2.3. In Silico Studies

2.3.1. Molecular Docking

A molecular docking experiment gives deep insight into the binding affinity between a specific compound and the target receptor [43]. The biological efficacy of a compound is linked to its better binding energy value and the degree of similarity in the binding mode compared the reference ligand [43]. To investigate the binding hallmarks of the targeted compounds against VEGFR-2, molecular docking studies were fulfilled by MOE. 2019.01 (Montreal, QC, Canada). The X-ray structure of VEGFR-2 co-crystallized with sorafenib was obtained from the Protein Data Bank (PDB ID: 4ASD) [14]. The docking process was firstly verified by re-docking of sorafenib inside the active pocket of VEGFR-2 (Figure 5). The low value (≤2.0 Å) of root mean square deviation (RMSD) of the docked conformer of sorafenib in the experimental crystal validates the utilized scoring function [27,44]. In the current study, the RMSD between the co-crystallized conformer and the re-docked one is 0.79 Å. This indicates the correctness of the employed docking protocol. The docking scores of the tested ligands are summarized in Table 7, and their binding features inside the active site of the target protein are depicted. The binding poses with the highest energy scores were selected for analysis. The outputted files from MOE software were visualized with Discovery Studio 4.0 software (San Diego, CA, USA).

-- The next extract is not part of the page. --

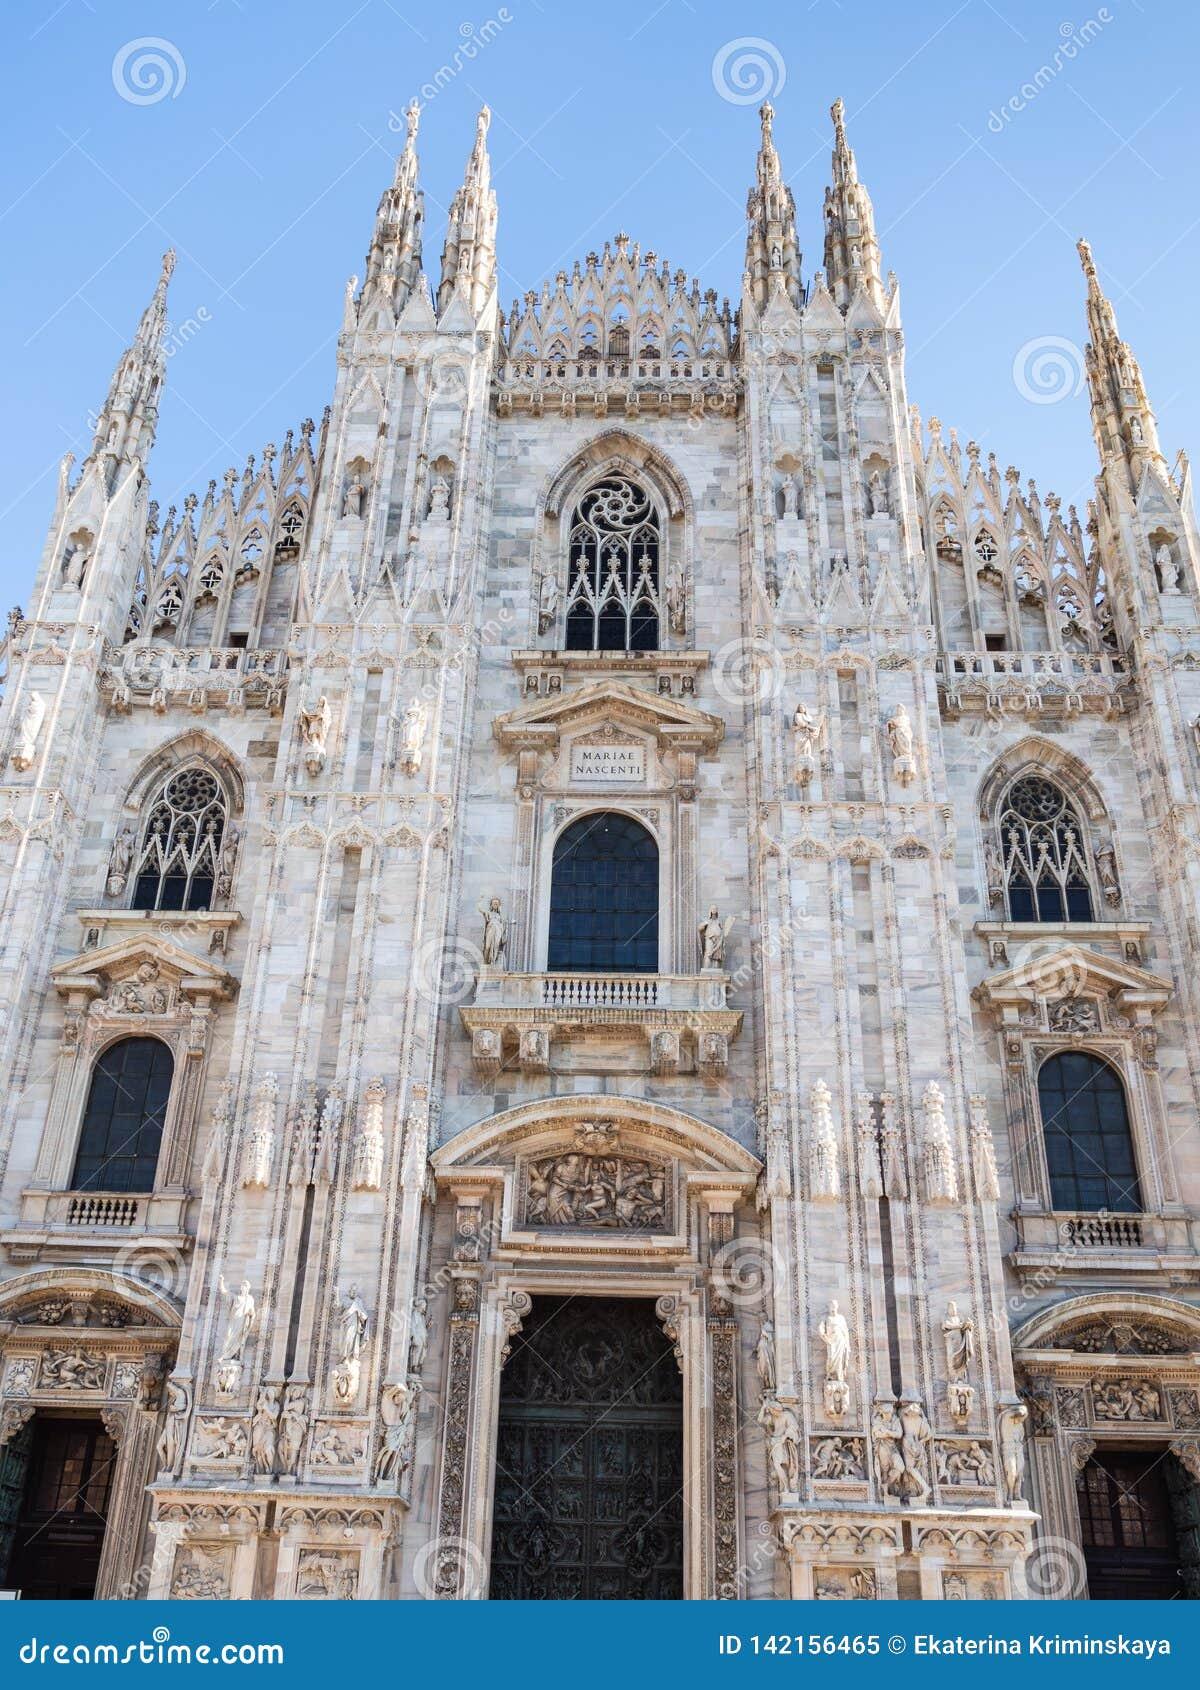 Μπροστινή άποψη του καθεδρικού ναού του Μιλάνου στη μεσημβρία

Tyrosine kinase inhibitors have been divided into two types of binding patterns, (type I and II). Type I inhibitors bind to the kinase’s active form’s adenosine triphosphate (ATP) binding site, resulting in reduced selectivity, whereas type II inhibitors bind to the ATP site and the allosteric, hydrophobic site, resulting in great selectivity. This interaction takes place when the kinases are inactive. The kinase enzymes’ active and inactive phases are controlled by the conserved triad Asp–Phe–Gly (DGF). DGF-in conformation was observed in the active state, whereas DFG-out conformation was observed in the inactive state. The front and back pockets make up the VEGFR-2 active site’s basic architecture. A crucial residue related to the ATP binding front pocket is Cys919. Glu885 and Asp1046 are found in the back hydrophobic pocket. The Glu885 is located on the C helix, and Asp1046 is a crucial component of the triad [16].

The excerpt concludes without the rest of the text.